There was a greater delay in receipt of empiric antimicrobials in the vancomycin group compared to the β-lactam group (median 10.8 vs 1.9 h, p < 0.0001) (Table 1). Seventy five (37.5 %) patients in the vancomycin group were briefly exposed to β-lactams during empiric therapy. However, exposure time (median 0 vs 52.3 h, p < 0.0001) and proportional time of exposure of the empiric period (median 0 vs 100 %, p < 0.0001) were miniscule compared to the β-lactam group. There were no differences in clinical outcomes between the two groups (Table 3). The overall 28-day and 90-day mortality was 34 (8.5 %) and 57 (14.3 %) respectively. Among patients with infective endocarditis, 28-day and 90-day mortality was 4 (8.89 %) and 7 (15.6 %) in the β-lactam group and 0 and 3 (13.0 %) in the vancomycin group. In the vancomycin group, the subset of patients who received brief exposure to empiric β-lactam experienced faster clearance of bacteremia compared to those who did not have any empiric β-lactam exposure (median 78.9 vs 96.3 h, p=0.04). In comparison with the β-lactam group, patients in the vancomycin group who did not have any empiric β-lactam exposure had slightly higher 90-day mortality [22 (17.6 %) vs 25 (12.5 %), p=0.01] and longer duration of bacteremia (median 96.3 vs 74.4 h, p=0.03), while those who were briefly exposed to empiric β-lactams exhibited no difference in clinical outcomes.
Table 3.
Outcomes | Crude OR (95 % CI) | P-value | Adjusted OR (95 % CI) | P-value |
28-day mortality | 0.88 (0.44–1.78) | 0.72 | 1.14 (0.49–2.64) | 0.76 |
90-day mortality | 0.75 (0.43–1.32) | 0.32 | 1.01 (0.51–2.02) | 0.97 |
Recurrent infection at 6 months | 0.87 (0.31–2.45) | 0.79 | 1.27 (0.39–4.11) | 0.69 |
Ratio of Mean (95 % CI) | P-value | Adjusted Ratio of Mean (95 % CI) | P-value | |
Duration of bacteremia | 0.92 (0.78–1.07) | 0.27 | 0.94 (0.79–1.11) | 0.44 |
Hospital length-of-stay | 0.96 (0.81–1.14) | 0.65 | 0.95 (0.80–1.14) | 0.60 |
Abbreviations: OR odds ratio, CI confidence interval
Discussion
The goal of our study was to assess if empiric β-lactams compared to vancomycin was associated with differences in outcomes in patients with MSSA bacteremia. We found no differences in all-cause mortality at 28 and 90 days, recurrent infection at 6 months, duration of bacteremia or hospital LOS between patients treated with empiric β-lactam or vancomycin therapy. However, in the vancomycin group, the subset of patients who were not exposed to any empiric β-lactams had higher 90-day mortality and longer duration of bacteremia, while those who had even minimal exposure to empiric β-lactams did not have worse outcomes.
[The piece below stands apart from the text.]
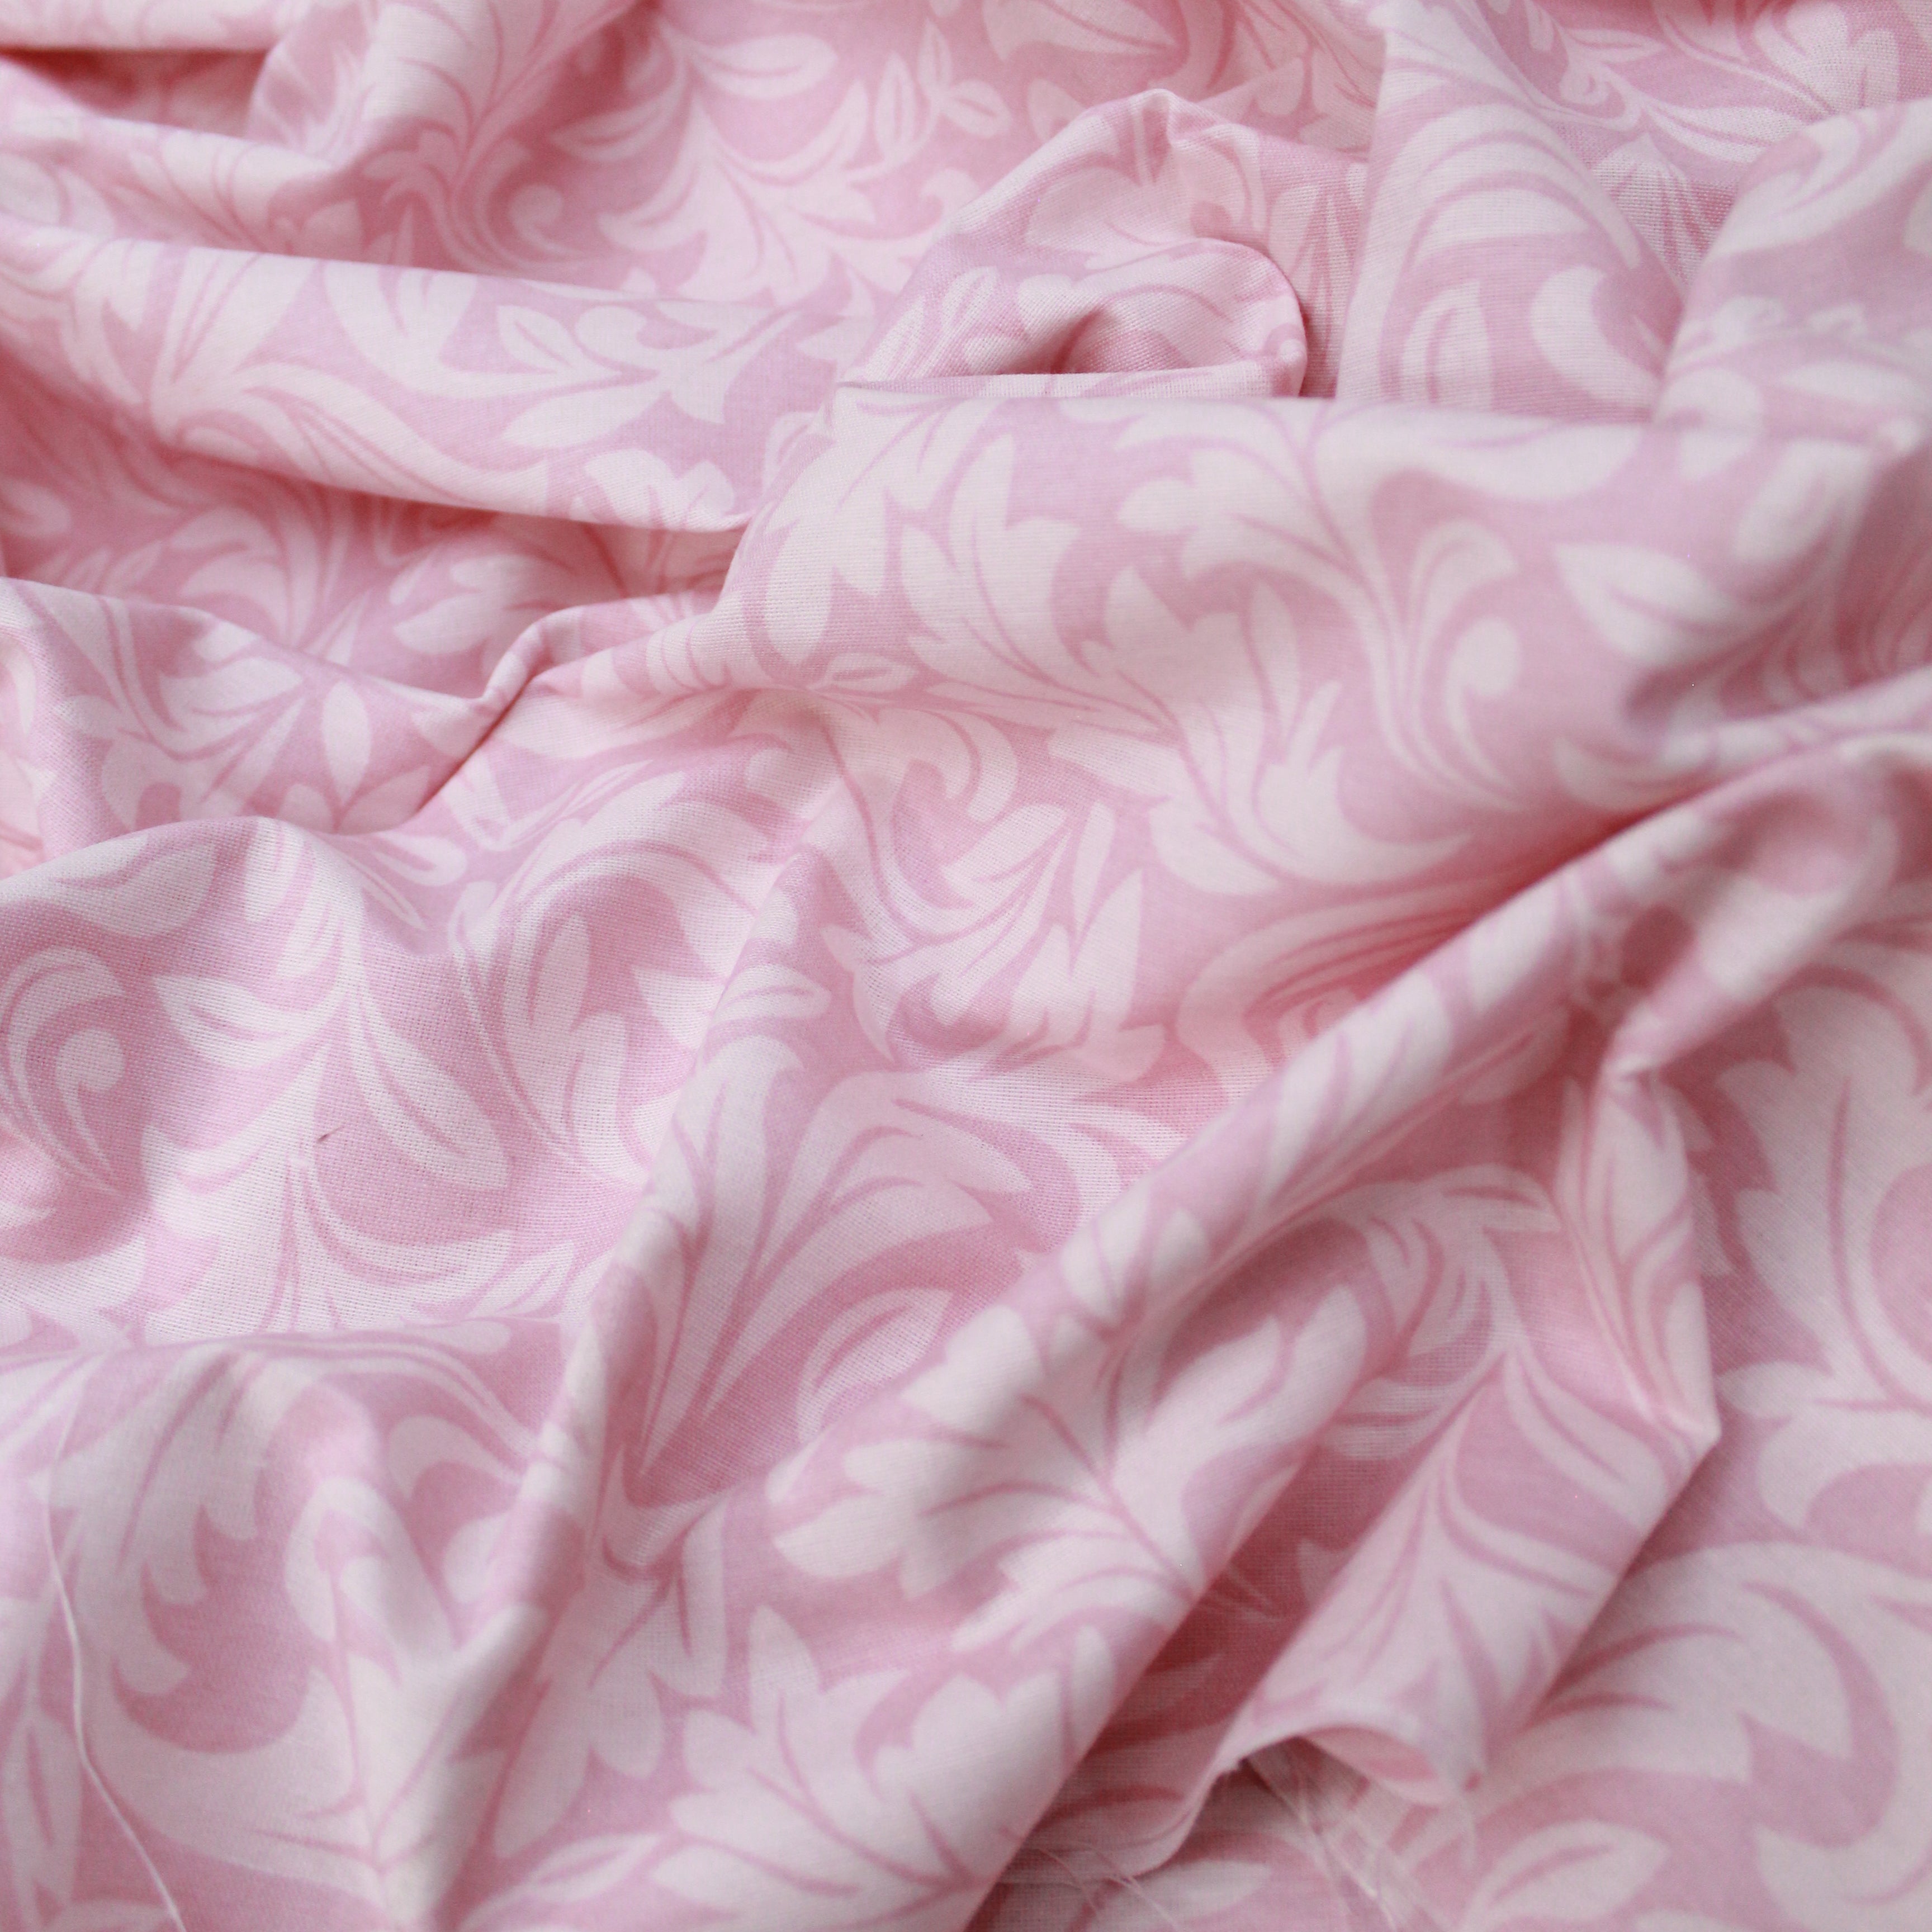 Premium Quality Super Wide Cotton Blend Sheeting "Leaf's" 94" Wide Pink

Patients in the vancomycin group were older, had more medical comorbidities, were less likely to be assessed by an infectious diseases consultant, underwent fewer source control procedures, and experienced a greater delay in receipt of empiric antibiotics compared to the β-lactam group. More cases of infective endocarditis and metastatic complications were diagnosed β-lactam group. Despite the high prevalence of MRSA at both of our institutions (25 % and 38 %), only 76.5 % of patients in the β-lactam group received vancomycin empirically as well. Perhaps the awareness of MRSA was low among some treating clinicians or patients who did not receive empiric vancomycin were judged to be at low risk for MRSA infection. Although the combination of β-lactams with vancomycin exhibits synergistic killing against MRSA, neither synergy nor antagonism was observed against MSSA in vitro [21]. Therefore, the addition of vancomycin to β-lactams would not be expected to influence microbiological cure in MSSA bacteremia.
Interestingly, the differential time delay in receipt of empiric antimicrobials was unexpected. The β-lactam group received antimicrobial therapy earlier possibly because these patients were more severely ill as reflected in their higher rate of infective endocarditis and metastatic complications, despite similar Pitt bacteremia scores between the two groups. Infectious diseases consultation may have also contributed to earlier initiation of antibiotics in the β-lactam group.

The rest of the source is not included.